Scalability Cheatsheet: Patterns, Numbers, and Formulas for System Design

This cheatsheet is your quick reference for all things scalability. From load estimation formulas to scaling patterns and capacity planning, everything you need to design systems that handle millions of users. Use this alongside our System Design Interview Guide and General Cheat Sheets.

Horizontal vs Vertical Scaling

Aspect Vertical Scaling (Scale Up) Horizontal Scaling (Scale Out)
Method Add more CPU, RAM, disk to one machine Add more machines
Limit Hardware ceiling (largest available instance) Virtually unlimited
Complexity Simple (no code changes) Complex (distributed systems)
Downtime Required for upgrade (usually) Zero downtime (rolling deploys)
Cost Exponential (bigger machines cost disproportionately more) Linear (add commodity machines)
Fault Tolerance Single point of failure Redundant (survive node failures)
When to Use Small/medium scale, databases (initially) Large scale, web servers, stateless services

Load Estimation Formulas

// DAU to QPS Conversion
Daily Active Users (DAU) to QPS:
  QPS = DAU × (actions per user per day) / 86,400

Example: 10M DAU, 10 actions/user/day
  QPS = 10,000,000 × 10 / 86,400 = ~1,157 QPS
  Peak QPS = 1,157 × 3 = ~3,500 QPS (3x peak factor)

// Read-Write Split
Total QPS = 3,500
Read:Write ratio = 10:1
  Read QPS  = 3,500 × (10/11) = ~3,182
  Write QPS = 3,500 × (1/11)  = ~318

// Concurrent Users (approximate)
Concurrent users ≈ DAU × avg_session_duration / 86,400
Example: 10M DAU × 300s avg session / 86,400 = ~34,700 concurrent

Storage Estimation

// Storage per day
Daily storage = write_QPS × 86,400 × avg_record_size

Example: 318 writes/sec × 86,400 sec × 500 bytes
= 13.7 GB/day = ~5 TB/year

// 5-year storage
Total = 5 TB/year × 5 = 25 TB
With replication (3x) = 75 TB
With overhead (1.3x) = ~100 TB

// Common object sizes
Tweet/Post:           250 bytes (text only)
User profile:         1 KB
Image metadata:       200 bytes
Thumbnail:            10 KB
Photo (compressed):   200 KB
Video (1 min, 720p):  50 MB
Log entry:            200 bytes

Bandwidth Estimation

// Bandwidth = QPS × avg size
Incoming (write): 318 QPS × 500 bytes = 159 KB/s = ~1.3 Mbps
Outgoing (read):  3,182 QPS × 2 KB = 6.4 MB/s = ~51 Mbps

// Image-heavy service
Image reads: 1,000 QPS × 200 KB = 200 MB/s = ~1.6 Gbps
(This is why CDNs are essential for media-heavy apps)
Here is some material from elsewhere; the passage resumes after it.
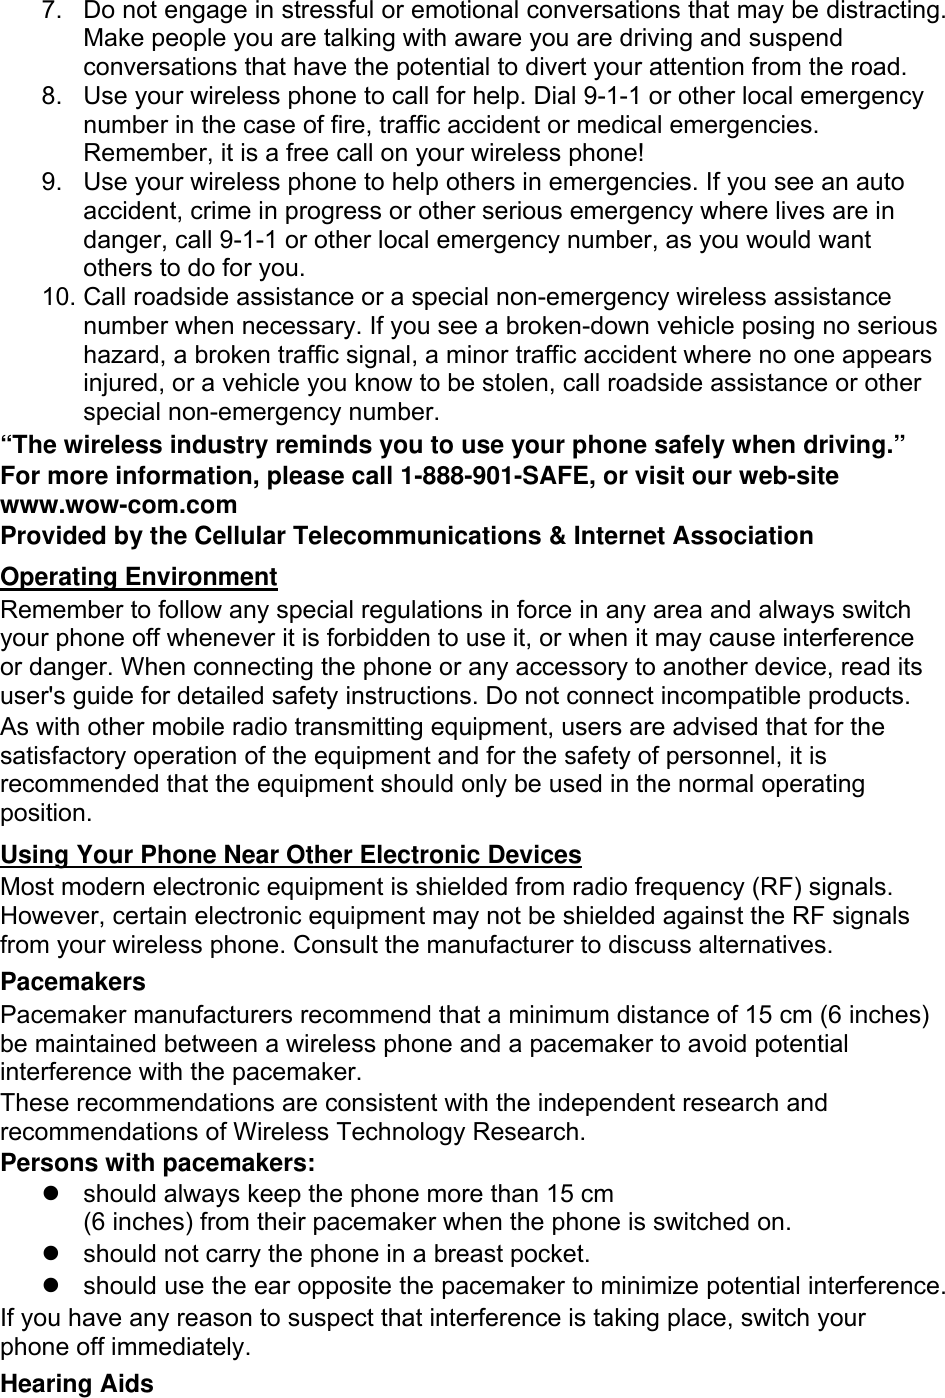 7.  Do not engage in stressful or emotional conversations that may be distracting. Make people you are talking with aware you are driving and suspend conversations that have the potential to divert your attention from the road. 8.  Use your wireless phone to call for help. Dial 9-1-1 or other local emergency number in the case of fire, traffic accident or medical emergencies. Remember, it is a free call on your wireless phone! 9.  Use your wireless phone to help others in emergencies. If you see an auto accident, crime in progress or other serious emergency where lives are in danger, call 9-1-1 or other local emergency number, as you would want others to do for you. 10. Call roadside assistance or a special non-emergency wireless assistance number when necessary. If you see a broken-down vehicle posing no serious hazard, a broken traffic signal, a minor traffic accident where no one appears injured, or a vehicle you know to be stolen, call roadside assistance or other special non-emergency number. “The wireless industry reminds you to use your phone safely when driving.” For more information, please call 1-888-901-SAFE, or visit our web-site www.wow-com.com Provided by the Cellular Telecommunications &amp; Internet Association Operating Environment Remember to follow any special regulations in force in any area and always switch your phone off whenever it is forbidden to use it, or when it may cause interference or danger. When connecting the phone or any accessory to another device, read its user&apos;s guide for detailed safety instructions. Do not connect incompatible products. As with other mobile radio transmitting equipment, users are advised that for the satisfactory operation of the equipment and for the safety of personnel, it is recommended that the equipment should only be used in the normal operating position. Using Your Phone Near Other Electronic Devices Most modern electronic equipment is shielded from radio frequency (RF) signals. However, certain electronic equipment may not be shielded against the RF signals from your wireless phone. Consult the manufacturer to discuss alternatives. Pacemakers Pacemaker manufacturers recommend that a minimum distance of 15 cm (6 inches) be maintained between a wireless phone and a pacemaker to avoid potential interference with the pacemaker. These recommendations are consistent with the independent research and recommendations of Wireless Technology Research. Persons with pacemakers:   should always keep the phone more than 15 cm   (6 inches) from their pacemaker when the phone is switched on.   should not carry the phone in a breast pocket.   should use the ear opposite the pacemaker to minimize potential interference. If you have any reason to suspect that interference is taking place, switch your phone off immediately. Hearing Aids

// Network capacity reference
1 Gbps link ≈ 125 MB/s throughput (actual ~80-100 MB/s)
10 Gbps link ≈ 1 GB/s throughput

Cache Estimation

// Pareto principle: 20% of data = 80% of requests
Cache size = daily_read_requests × 0.2 × avg_response_size

Example:
Daily reads = 3,182 QPS × 86,400 = 275M requests/day
Cache size = 275M × 0.2 × 2 KB = ~110 GB

// Redis instance sizing
Single Redis node: up to 25 GB comfortably (64 GB max practical)
For 110 GB: 5 Redis nodes (sharded or Redis Cluster)

// Cache hit rate targets
Good:      > 90%
Excellent: > 95%
If < 80%:  Review cache key strategy and TTL

Scaling Patterns

Read Replicas

Pattern How It Works Scaling Limit
Primary-Replica Writes go to primary; reads distributed across replicas ~5-10 replicas before replication lag becomes an issue
Connection Pooling Reuse database connections (PgBouncer, ProxySQL) 10x more concurrent users per DB instance
Read-through Cache Cache serves reads; DB only on cache miss 90%+ read reduction on database

Database Sharding

When a single database cannot handle the write load, partition data across multiple databases. See our Database Cheatsheet for sharding strategies.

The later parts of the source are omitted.